As for the editorial department, it must be permitted to speak for itself. It lays no claim to brilliancy and it is doubtless often mistaken. But it seeks ever to find and to tell the truth, and in this effort must necessarily offend some to-day whom it pleased yesterday. It will continue to speak fearlessly concerning public questions, upholding the right and condemning the wrong, criticizing with entire freedom its friends as well as its enemies when necessity seems to demand criticism.
It is so seldom that the TRIBUNE talks about itself that the reader will doubtless pardon this exhibition of egotism. With sincere thanks to its thousands of devoted friends, it now steps into the background.

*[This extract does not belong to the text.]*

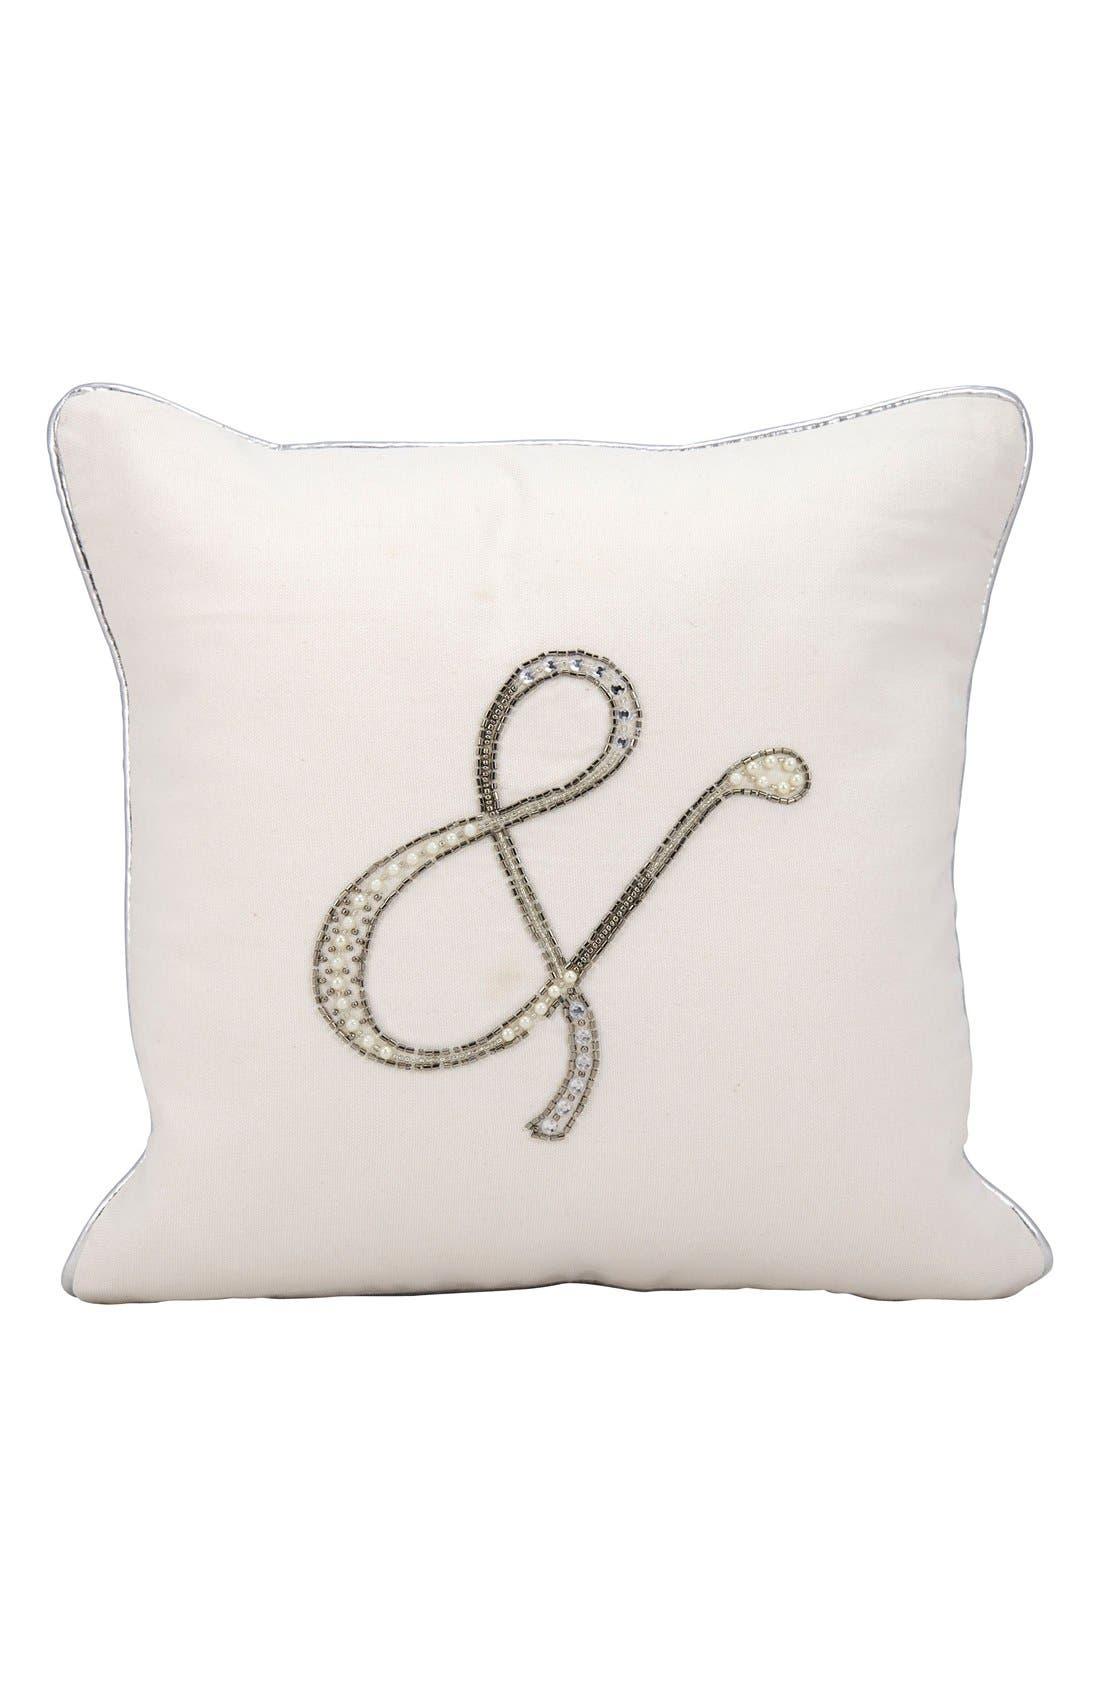 MINA VICTORY Embellished Wedding Pillow

Morning Tribune, Altoona, Pa., Thursday, August 6, 1891, page 2
George B. Bowers, esq., of your city, was among Bellwood's visitors Tuesday.
Miss Lizzie Akers has returned home after a pleasant sojourn of ten days at Montoursville, this state.
Painters are busily engaged in beautifying the residence of Rev. G. B. Ague, on Main street, which was lately damaged by fire.
Charley Bell, formerly of the Standard Oil company in your city, is now the pleasant and obliging clerk of A. Carpenter, general merchant, Main street.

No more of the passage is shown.